*Your objective*
Everything in the records below from the line containing "1983 Yamaha XVZ12TK Venture road test 11.jpg" through the line containing "Nazi Party electoral" is to be reproduced exactly, those two lines included; no picture is to be copied.

*Data to process*
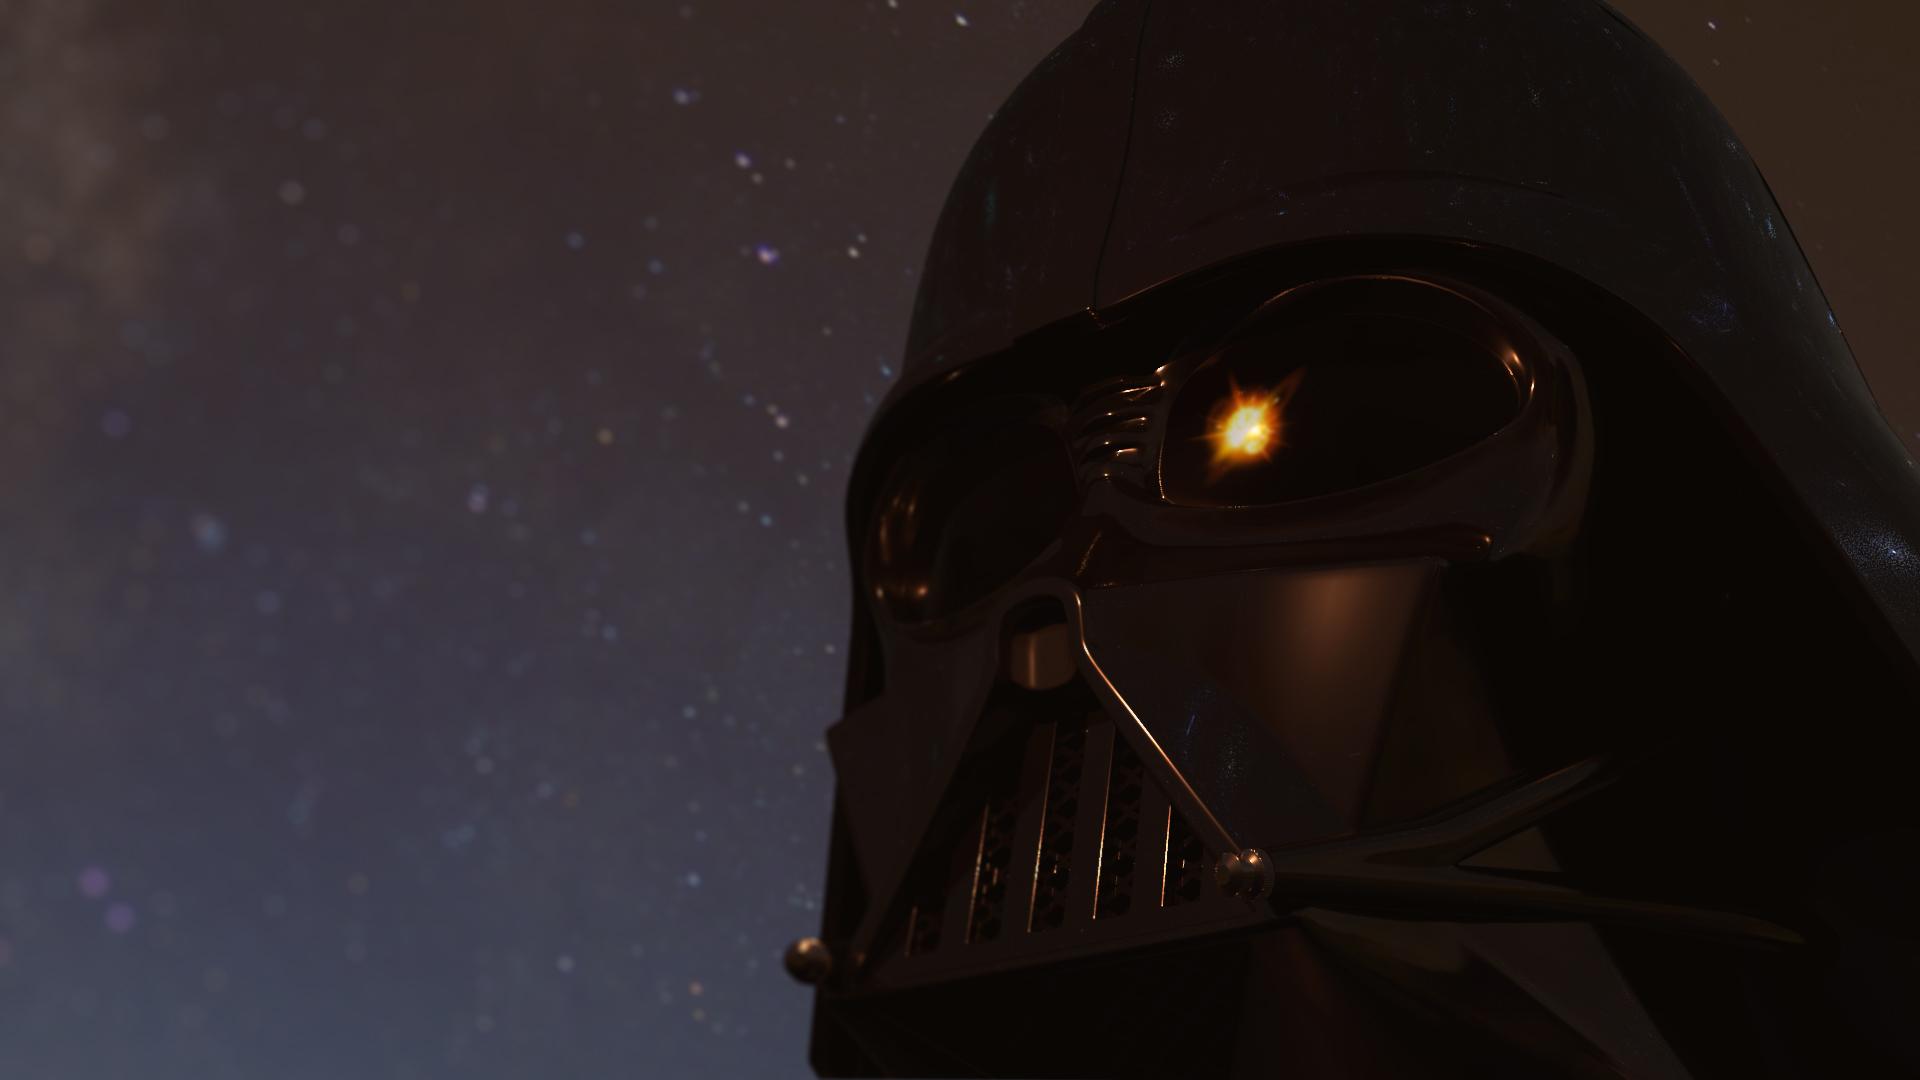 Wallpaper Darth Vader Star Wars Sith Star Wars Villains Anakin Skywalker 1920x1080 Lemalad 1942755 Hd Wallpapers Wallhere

...

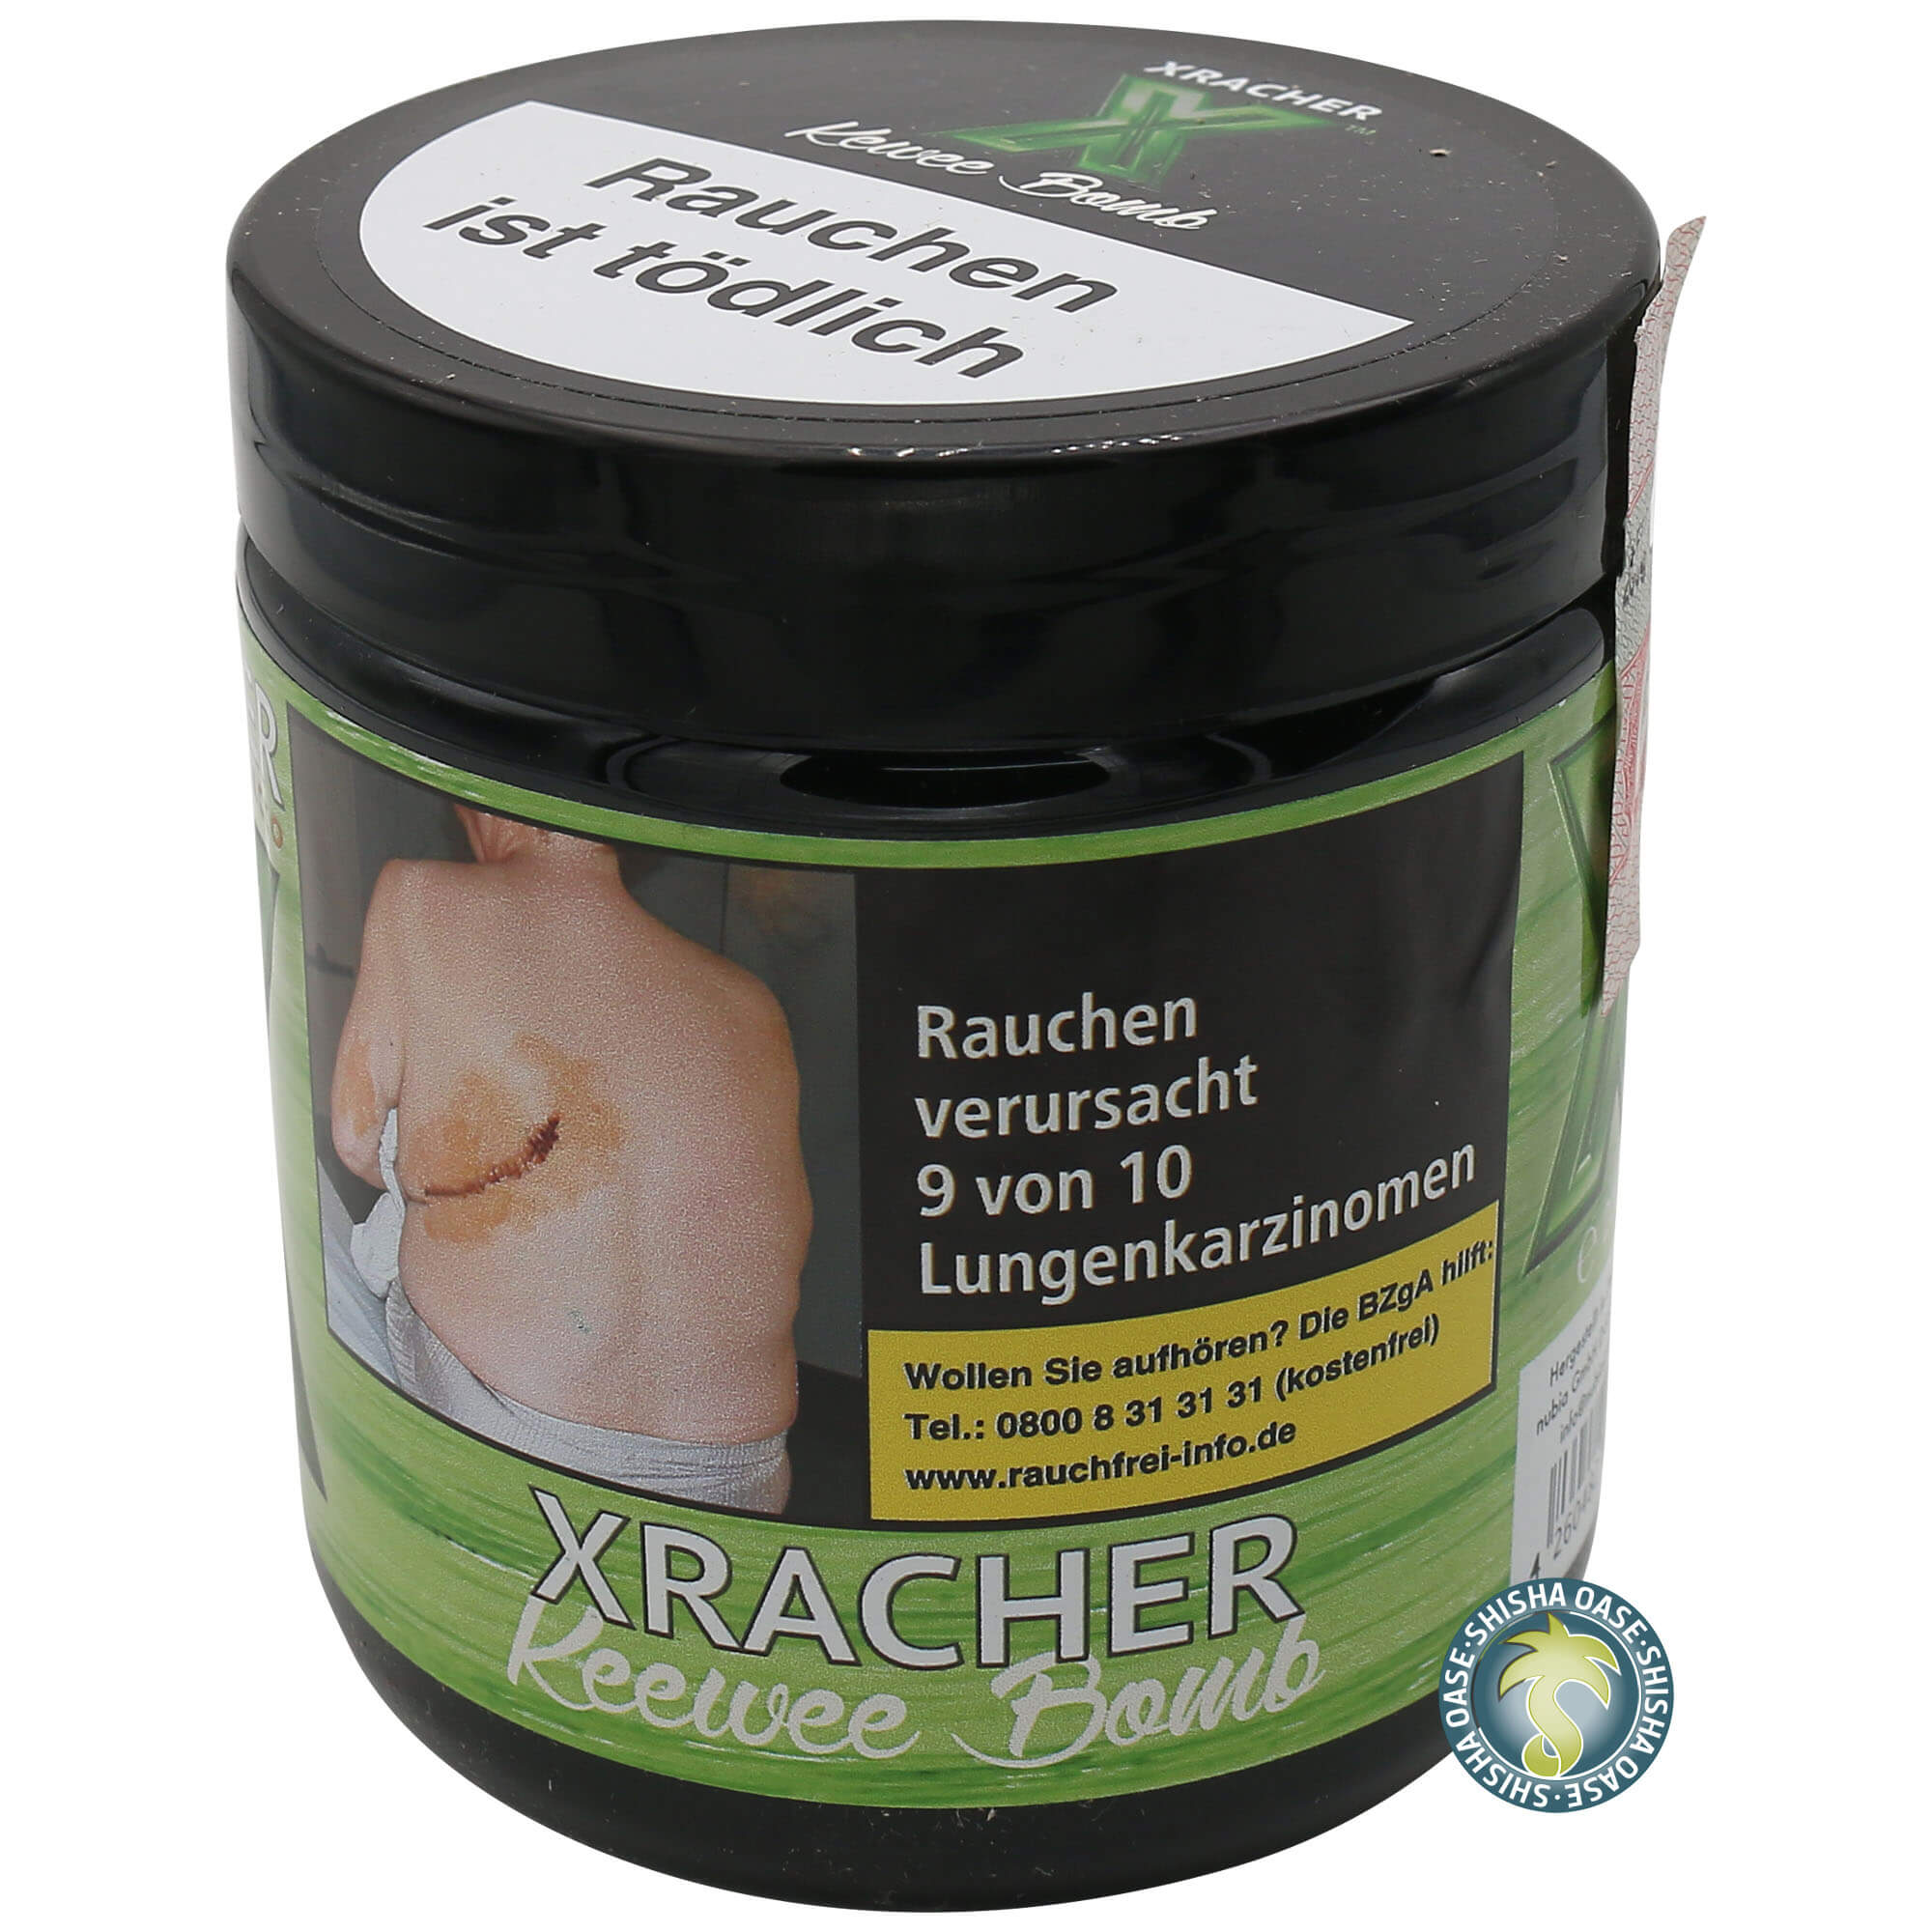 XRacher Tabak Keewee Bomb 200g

---

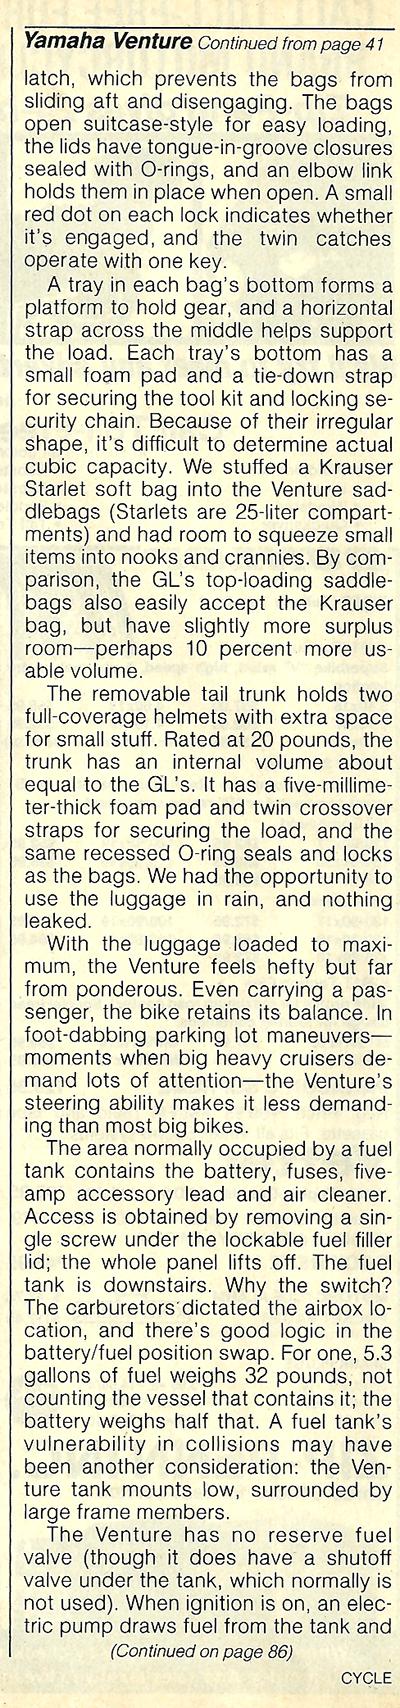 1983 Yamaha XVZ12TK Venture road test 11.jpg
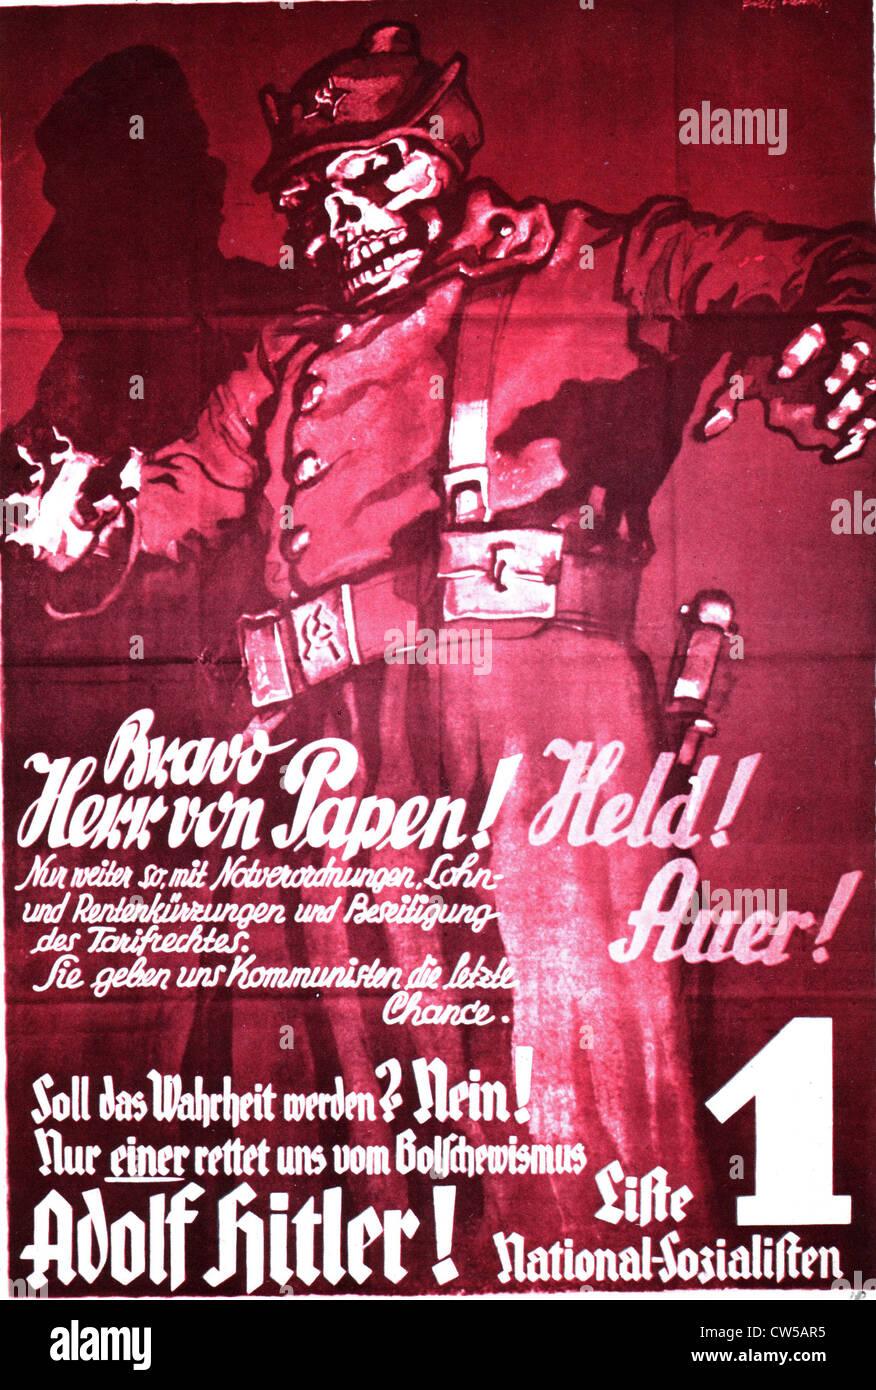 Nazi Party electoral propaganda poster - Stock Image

*Solution*
 1983 Yamaha XVZ12TK Venture road test 11.jpg
 Nazi Party electoral propaganda poster - Stock Image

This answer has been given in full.